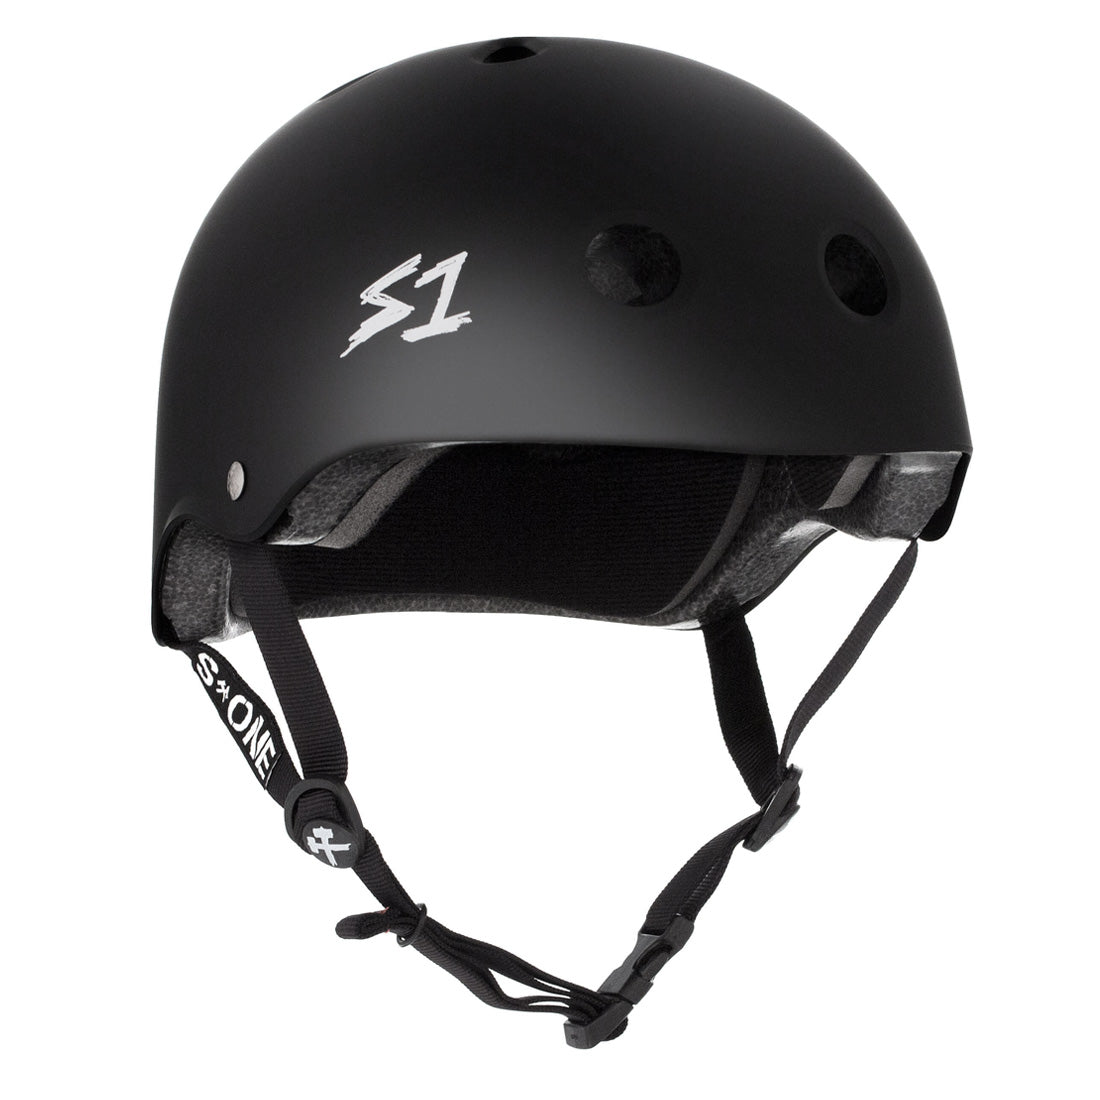 S-One Lifer Helmet - Black Matte Helmets
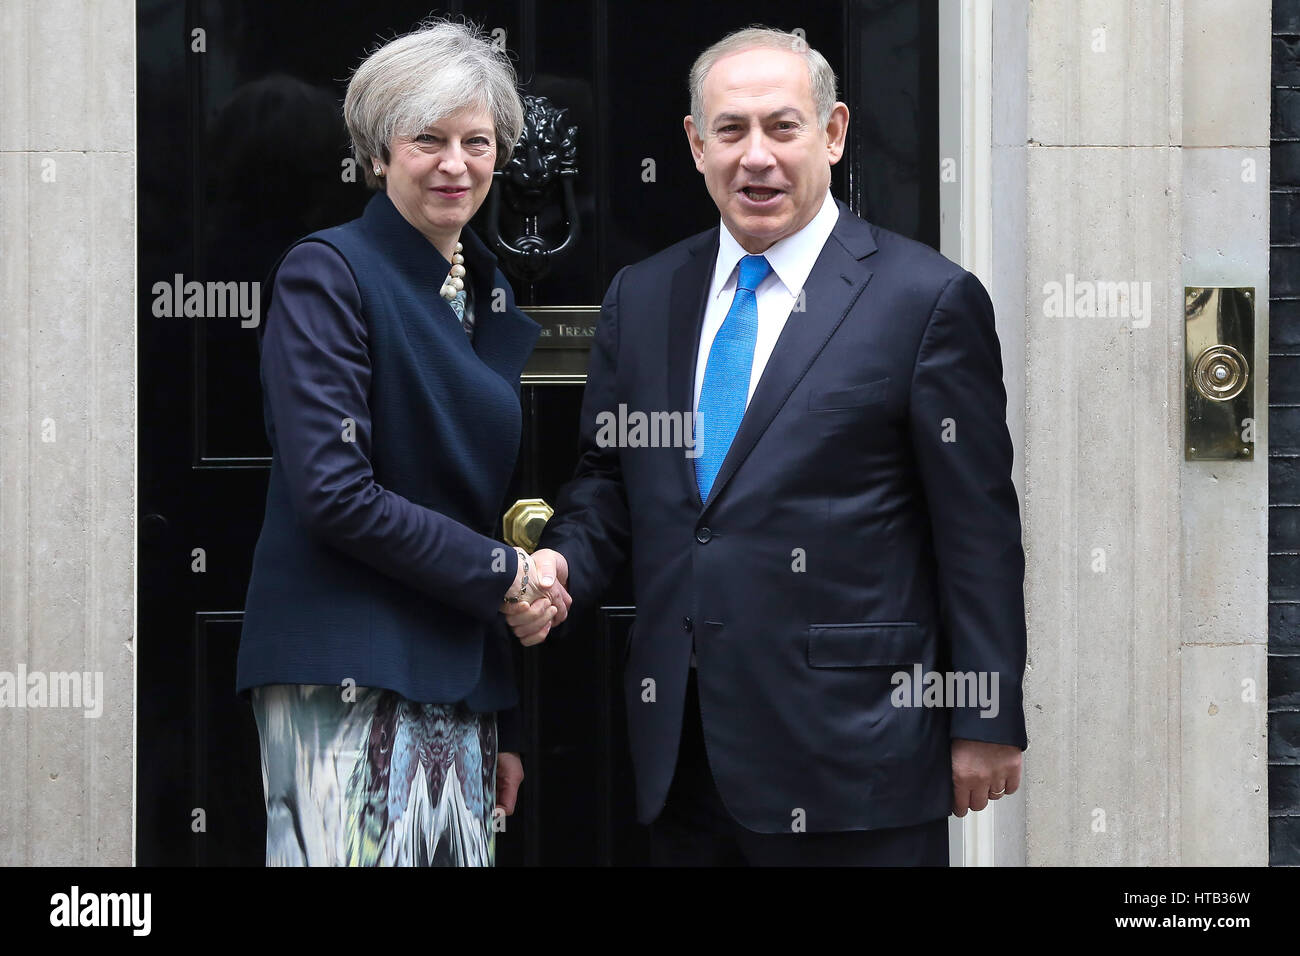 La Gran Bretagna è il primo ministro Theresa Maggio saluta il Primo ministro Benjamin Netanyahu di Israele a Downing Street con: Theresa Maggio, Benjamin Netanyahu dove: Londra, Regno Unito quando: 06 Feb 2017 Foto Stock
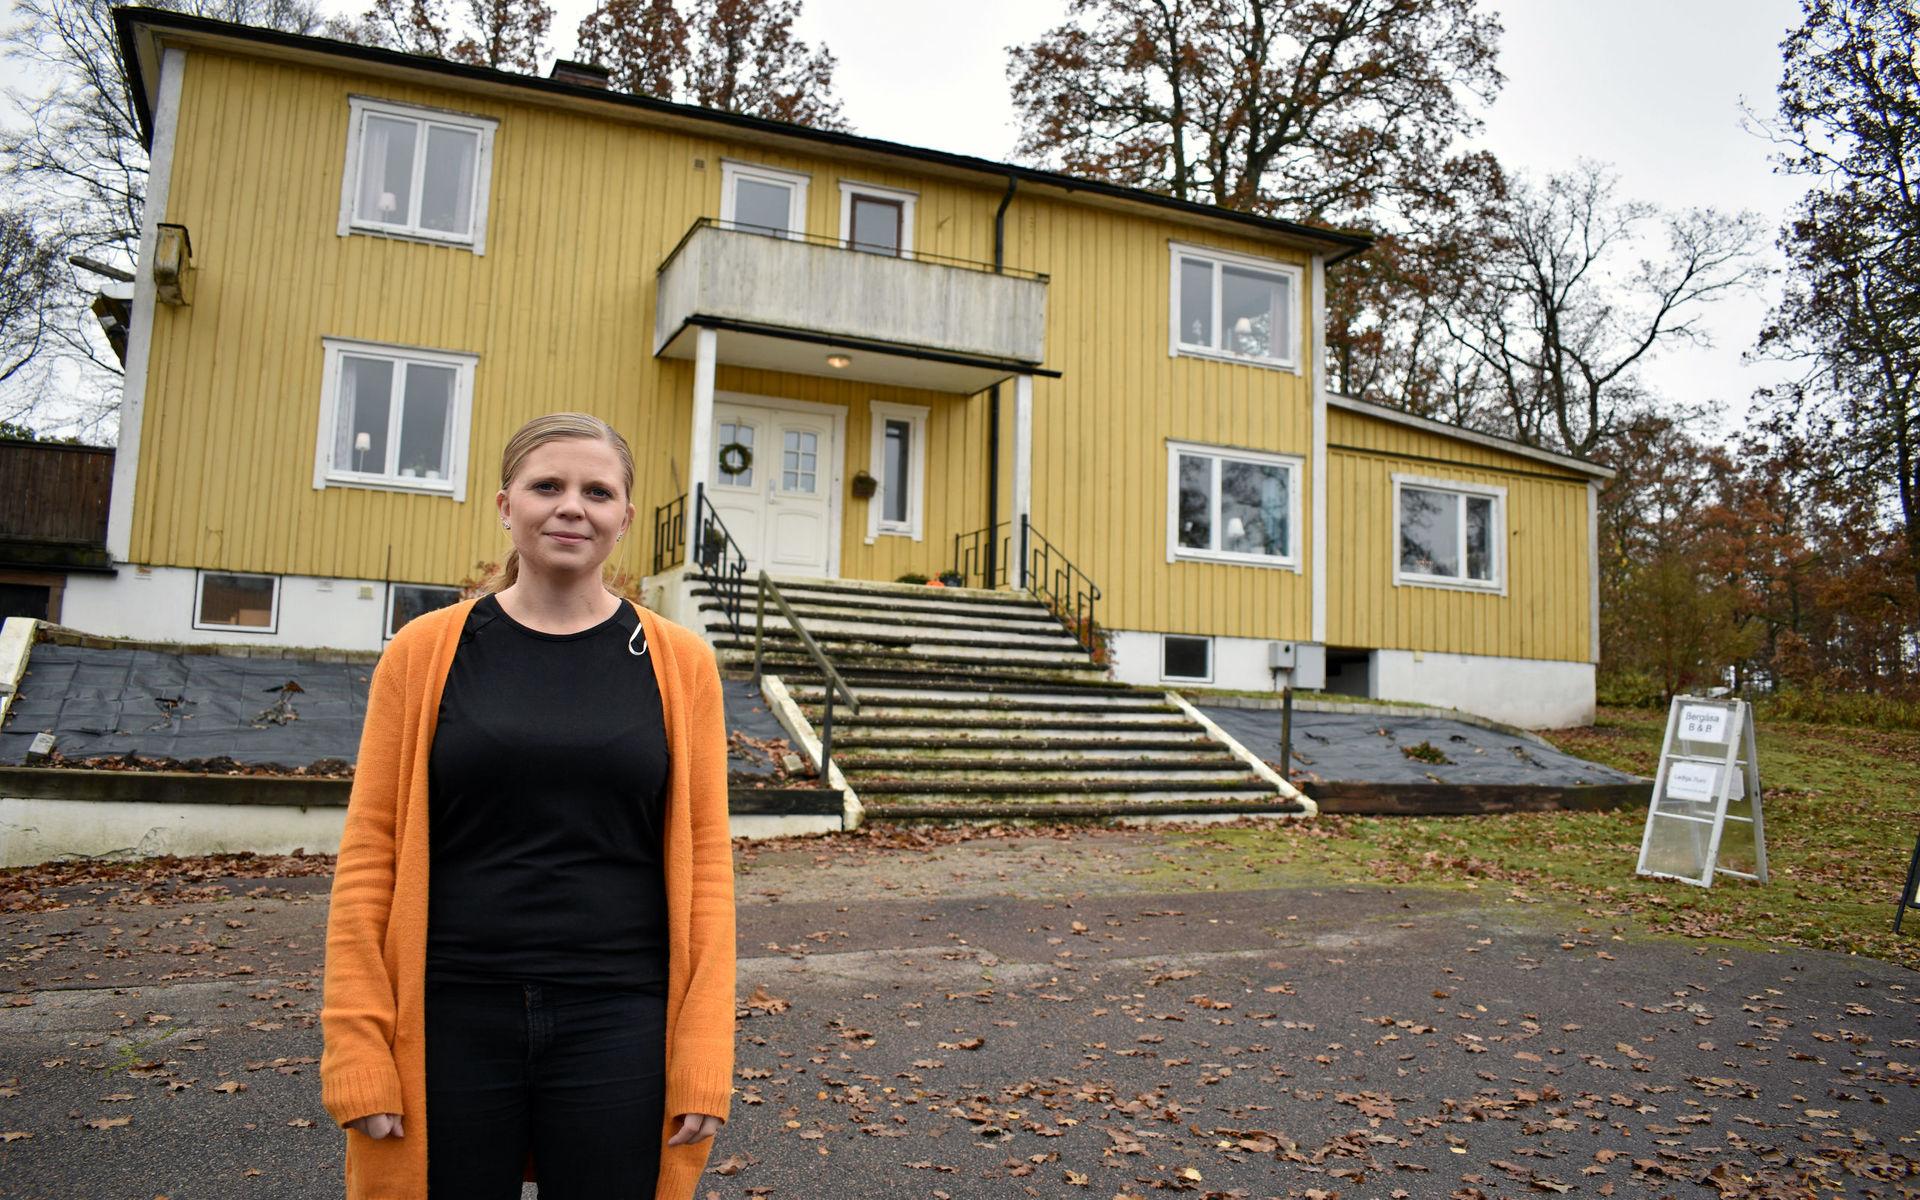 Med utsikt över Drängsjön bygger Louise Jacobsson upp en helt ny verksamhet i Drängsereds gamla värdshus. Att starta sitt eget bed and breakfast är inte helt enkelt, men Louise tar arbetet steg för steg.

WORK TO BE COMPLETED: Would you output, word for word, only the lines running from the line with "La Gran Bretagna" to the end of the listing above, both ends included, with no pictures?

SOLUTION:
 La Gran Bretagna è il primo ministro Theresa Maggio saluta il Primo ministro Benjamin Netanyahu di Israele a Downing Street con: Theresa Maggio, Benjamin Netanyahu dove: Londra, Regno Unito quando: 06 Feb 2017 Foto Stock
 Med utsikt över Drängsjön bygger Louise Jacobsson upp en helt ny verksamhet i Drängsereds gamla värdshus. Att starta sitt eget bed and breakfast är inte helt enkelt, men Louise tar arbetet steg för steg.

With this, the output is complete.